**WHAT IS BEING ASKED**
Every record must be repeated exactly, with no omission.

**Recorded data**
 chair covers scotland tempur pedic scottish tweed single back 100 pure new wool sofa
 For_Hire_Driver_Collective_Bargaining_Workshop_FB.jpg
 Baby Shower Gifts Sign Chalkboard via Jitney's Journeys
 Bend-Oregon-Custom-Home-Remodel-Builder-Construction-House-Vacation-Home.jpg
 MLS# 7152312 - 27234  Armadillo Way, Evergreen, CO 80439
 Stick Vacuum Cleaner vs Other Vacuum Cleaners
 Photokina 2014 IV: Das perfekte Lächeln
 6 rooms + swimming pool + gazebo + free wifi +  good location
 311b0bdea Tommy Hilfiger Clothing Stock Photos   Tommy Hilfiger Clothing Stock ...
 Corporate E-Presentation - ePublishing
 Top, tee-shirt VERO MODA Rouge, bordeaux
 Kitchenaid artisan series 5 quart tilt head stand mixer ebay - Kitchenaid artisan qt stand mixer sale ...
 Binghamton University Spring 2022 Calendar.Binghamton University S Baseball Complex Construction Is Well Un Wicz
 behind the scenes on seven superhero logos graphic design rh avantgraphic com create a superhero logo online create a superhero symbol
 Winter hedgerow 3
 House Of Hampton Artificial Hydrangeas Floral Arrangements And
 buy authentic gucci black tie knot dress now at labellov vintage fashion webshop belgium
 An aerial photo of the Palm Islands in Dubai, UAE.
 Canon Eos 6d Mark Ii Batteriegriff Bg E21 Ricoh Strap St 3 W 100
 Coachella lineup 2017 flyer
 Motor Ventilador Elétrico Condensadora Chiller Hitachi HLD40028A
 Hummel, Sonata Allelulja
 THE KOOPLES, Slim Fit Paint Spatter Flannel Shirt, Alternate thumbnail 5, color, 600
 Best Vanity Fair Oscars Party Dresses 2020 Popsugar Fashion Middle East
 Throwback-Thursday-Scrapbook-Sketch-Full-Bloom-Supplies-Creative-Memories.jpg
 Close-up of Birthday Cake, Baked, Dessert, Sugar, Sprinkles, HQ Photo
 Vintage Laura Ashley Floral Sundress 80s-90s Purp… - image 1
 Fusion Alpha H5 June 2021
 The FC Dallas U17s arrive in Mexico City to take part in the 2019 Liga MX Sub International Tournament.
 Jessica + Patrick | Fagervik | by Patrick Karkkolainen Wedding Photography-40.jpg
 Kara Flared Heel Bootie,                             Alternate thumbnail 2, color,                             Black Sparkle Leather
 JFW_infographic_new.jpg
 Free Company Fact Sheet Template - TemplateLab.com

**FINISHED EXERCISE**
 chair covers scotland tempur pedic scottish tweed single back 100 pure new wool sofa
 For_Hire_Driver_Collective_Bargaining_Workshop_FB.jpg
 Baby Shower Gifts Sign Chalkboard via Jitney's Journeys
 Bend-Oregon-Custom-Home-Remodel-Builder-Construction-House-Vacation-Home.jpg
 MLS# 7152312 - 27234  Armadillo Way, Evergreen, CO 80439
 Stick Vacuum Cleaner vs Other Vacuum Cleaners
 Photokina 2014 IV: Das perfekte Lächeln
 6 rooms + swimming pool + gazebo + free wifi +  good location
 311b0bdea Tommy Hilfiger Clothing Stock Photos   Tommy Hilfiger Clothing Stock ...
 Corporate E-Presentation - ePublishing
 Top, tee-shirt VERO MODA Rouge, bordeaux
 Kitchenaid artisan series 5 quart tilt head stand mixer ebay - Kitchenaid artisan qt stand mixer sale ...
 Binghamton University Spring 2022 Calendar.Binghamton University S Baseball Complex Construction Is Well Un Wicz
 behind the scenes on seven superhero logos graphic design rh avantgraphic com create a superhero logo online create a superhero symbol
 Winter hedgerow 3
 House Of Hampton Artificial Hydrangeas Floral Arrangements And
 buy authentic gucci black tie knot dress now at labellov vintage fashion webshop belgium
 An aerial photo of the Palm Islands in Dubai, UAE.
 Canon Eos 6d Mark Ii Batteriegriff Bg E21 Ricoh Strap St 3 W 100
 Coachella lineup 2017 flyer
 Motor Ventilador Elétrico Condensadora Chiller Hitachi HLD40028A
 Hummel, Sonata Allelulja
 THE KOOPLES, Slim Fit Paint Spatter Flannel Shirt, Alternate thumbnail 5, color, 600
 Best Vanity Fair Oscars Party Dresses 2020 Popsugar Fashion Middle East
 Throwback-Thursday-Scrapbook-Sketch-Full-Bloom-Supplies-Creative-Memories.jpg
 Close-up of Birthday Cake, Baked, Dessert, Sugar, Sprinkles, HQ Photo
 Vintage Laura Ashley Floral Sundress 80s-90s Purp… - image 1
 Fusion Alpha H5 June 2021
 The FC Dallas U17s arrive in Mexico City to take part in the 2019 Liga MX Sub International Tournament.
 Jessica + Patrick | Fagervik | by Patrick Karkkolainen Wedding Photography-40.jpg
 Kara Flared Heel Bootie,                             Alternate thumbnail 2, color,                             Black Sparkle Leather
 JFW_infographic_new.jpg
 Free Company Fact Sheet Template - TemplateLab.com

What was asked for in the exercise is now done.